Звук пощечины стал причиной образовавшейся мертвой тишины. Голову девушки вывернуло вправо. Волосы закрывали лицо. Бонни не шевелилась. Ровно как и ее отец с заставшим во взгляде удивлением. Ровно как и ее мать, забывая как дышать. Ровно как и миссис Браун, не в силах пошевелиться.
Бонни уже не было больно. Она ведь на дне: куда еще падать?
Девушка медленно повернула голову в сторону отца. Медленно настолько, что можно было досчитать до десяти. Волосы спали. В уставшем взоре читалось одно: «Ты доволен?».
И ухмылка. Она не исчезла. Была такой же. Вырезанной ножом. Мертвой.
— Зря я тебя тогда не зарезала, — прошептала девушка, отрицательно качая головой. Нет, осадком детская обида не всплыла. Просто как рефлекс. Как послевкусие давно позабытого чувства. Сейчас Бонни разрывает другое чувство: она любит Елену, она не хочет терять единственного близкого человека.
Но вернуть уже нет возможности.
Она хватает сумку, она направляется к двери, но мать успевает схватить дочь за запястье и остановить. Бонни вырывает руку, резко оборачиваясь. Она хочет оттолкнуть мать, отшвырнуть ее, как та сделала несколько лет назад.
Но Беннет перестала драться с призраками.
— Бонни, прекрати истерить! — дешевая пародия на роль властной матери.
— А у меня половое созревание, мам! — не крик, просто попытка быть услышанной. Во взгляде Бонни — неукротимость. И все тело девушки будто стало токсичным: прикасаешься к нему и чувствуешь яд, поражающий твою центральную нервную систему. — Ты что, забыла? У меня эмоции на пределе!
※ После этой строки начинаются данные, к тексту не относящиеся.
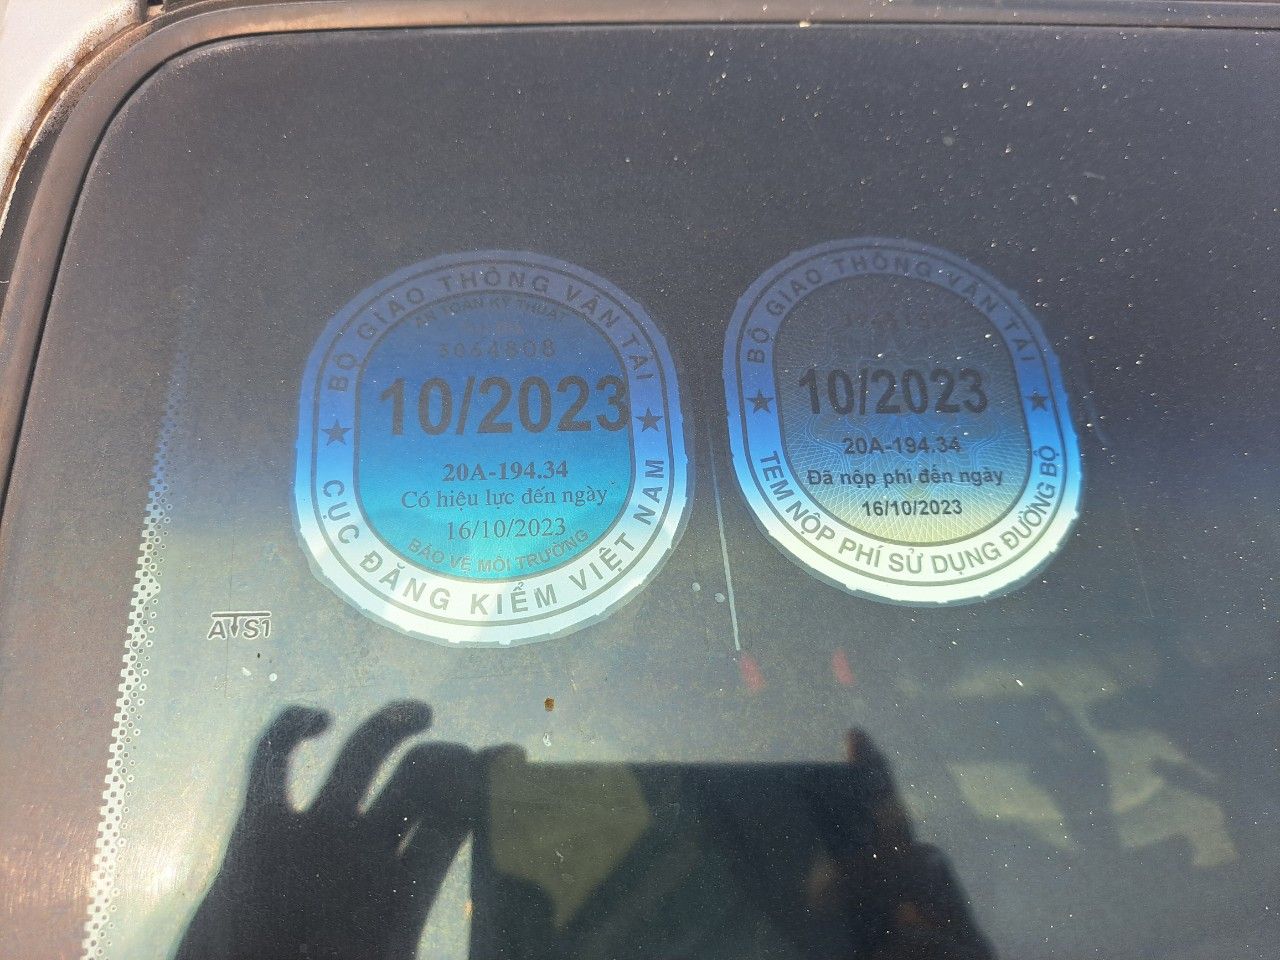 Chevrolet Spark 2011 - Giá 115tr

Отец ринулся к ней, но Бонни мигом среагировала: она схватила со стола вазу и швырнула на пол. Куратор вскрикнула, поднявшись и прижавшись к стене. Бедная женщина! Она не знает что такое слепая импульсивность! Считай, что и не жила вовсе.
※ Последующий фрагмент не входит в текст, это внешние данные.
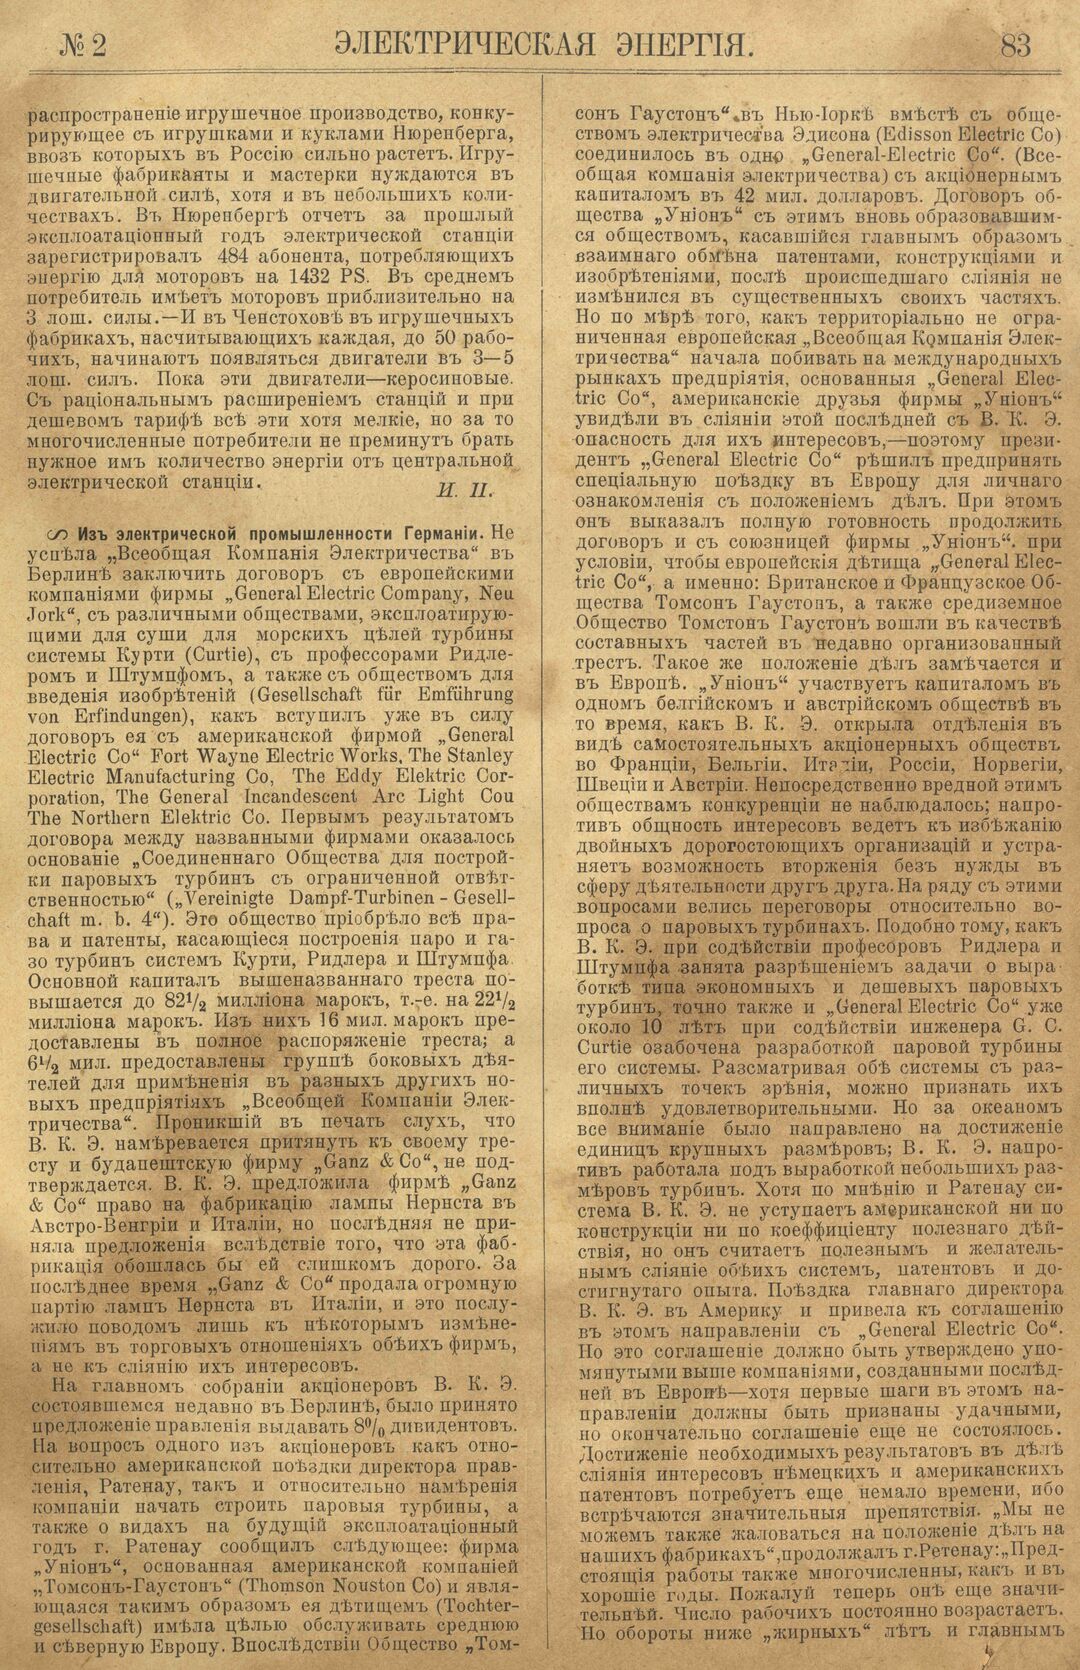 Рис. 1. Журнал Электрическая Энергiя, 2 номер, февраль, 1904 года, страница 83

Бонни развернулась, схватила какую-то статуэтку с полки и, развернувшись, замахнулась.
Но не кинула. Растрепанные волосы спадали на худые плечи. Обезумевшие глаза глядели сквозь пелену бессилия и пустоты. Невыносимое зрелище — видеть, как твой ребенок уже не позволяет себя контролировать. Уже не позволяет себе расслабляться.
— Не двигайся, иначе я разъебу здесь все к чертовой матери! — прошипела Бонни. — Не двигайся, мать твою!
— Бонни, послушай… — он заискивающе попытался установить контакт. Поздно. Такие конфеты Бонни уже не любит. Бонни уже не нужны игрушки: она хочет оружие и виски. Она хочет вернуть подругу. Нормализовать жизнь. Ставки повысились. Теперь кости фальшивой нежности больше не бросишь.
— Послушай, нам сто…
— Заткнись, — сквозь зубы процедила Беннет, еще не опуская статуэтку. Не стоило матери вмешиваться во второй раз. Теперь ее дочь уже не остановится, пока не выскажет все. — Послушайте, мне плевать! Ясно? Плевать! У меня ебанные проблемы, и я решить их хочу, — как и раньше, — сама! А ты, мамочка, если хочешь что-то узнать о моей личной жизни, спроси у отца и его экспертов! Может, они расскажут тебе о том, как меня избивали до полусмерти в подворотнях! — голос повышался, температура — тоже. Повысился уровень исступления. До апогея оставалось несколько шагов. — Может, они расскажут тебе о том, как я чуть не подохла в ночных клубах!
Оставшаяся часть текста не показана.